Cash hogs closed firm to higher with solid negotiated purchase numbers.  Packers bid up to move their desired numbers in this shortened holiday week.  The industry is still looking for significant demand increases for US pork on the global market.  If that is realized, there is a huge potential for prices to move steadily higher.  But, until then, the heavy supplies will limit the cash market’s ability to move higher for any prolonged period of time.  Barrows and gilts at the Iowa/Southern Minnesota closed $1.24 higher for a weighted average of $42.49; the Western Corn Belt closed $1.11 higher for an average of $42.47; the Eastern Corn Belt had no comparison but a weighted average of $42.55; and the National Daily Direct closed $.68 higher with a base range of $40 to $43 for a weighted average of $42.47. 

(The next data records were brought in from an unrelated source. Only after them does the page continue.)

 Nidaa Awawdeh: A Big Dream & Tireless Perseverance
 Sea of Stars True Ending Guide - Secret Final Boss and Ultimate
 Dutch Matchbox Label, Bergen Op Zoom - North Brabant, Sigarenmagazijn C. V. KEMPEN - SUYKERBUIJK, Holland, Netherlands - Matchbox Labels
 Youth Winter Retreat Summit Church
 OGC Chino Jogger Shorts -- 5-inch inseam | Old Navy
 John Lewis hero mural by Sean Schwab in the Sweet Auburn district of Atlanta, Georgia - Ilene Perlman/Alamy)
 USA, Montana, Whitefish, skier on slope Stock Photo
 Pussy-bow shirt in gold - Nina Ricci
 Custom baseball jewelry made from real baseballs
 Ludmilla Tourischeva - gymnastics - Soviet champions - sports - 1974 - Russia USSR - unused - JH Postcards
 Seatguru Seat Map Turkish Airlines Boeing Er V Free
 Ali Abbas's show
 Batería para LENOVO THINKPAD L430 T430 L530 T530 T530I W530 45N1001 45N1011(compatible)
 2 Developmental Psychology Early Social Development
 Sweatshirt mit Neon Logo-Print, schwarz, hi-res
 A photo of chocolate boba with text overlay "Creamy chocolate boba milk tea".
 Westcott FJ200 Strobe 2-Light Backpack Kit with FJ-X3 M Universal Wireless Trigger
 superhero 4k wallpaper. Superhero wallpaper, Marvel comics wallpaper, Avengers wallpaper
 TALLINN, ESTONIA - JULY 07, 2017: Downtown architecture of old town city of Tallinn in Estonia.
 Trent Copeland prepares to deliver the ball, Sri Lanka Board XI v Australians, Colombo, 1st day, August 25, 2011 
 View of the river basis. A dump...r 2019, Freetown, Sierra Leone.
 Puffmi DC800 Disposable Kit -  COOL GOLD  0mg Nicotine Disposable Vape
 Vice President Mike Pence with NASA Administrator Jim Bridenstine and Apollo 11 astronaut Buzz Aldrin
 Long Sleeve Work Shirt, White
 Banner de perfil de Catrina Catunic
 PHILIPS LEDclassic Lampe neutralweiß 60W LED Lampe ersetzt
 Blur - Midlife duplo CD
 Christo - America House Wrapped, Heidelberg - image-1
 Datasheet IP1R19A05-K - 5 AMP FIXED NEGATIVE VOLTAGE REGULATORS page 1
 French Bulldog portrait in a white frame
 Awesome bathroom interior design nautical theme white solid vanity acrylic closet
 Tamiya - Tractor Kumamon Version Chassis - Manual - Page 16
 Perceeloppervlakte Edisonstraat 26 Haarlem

Butcher hog prices at the Midwest cash markets are steady at $33.  At Illinois, slaughter sow prices were steady at $23 to $34 with moderate demand for moderate offerings. Barrow and gilt prices were steady at $25 to $30 with moderate demand for moderate offerings.   

Pork values ended the day lower – down $1.75 at $82.26.  Picnics, loins, and ribs were all sharply lower.  Hams and butts were weak to lower.  Bellies closed higher.  Estimated hog slaughter is 495,000 head – up 1,000 on the week and up 24,000 on the year.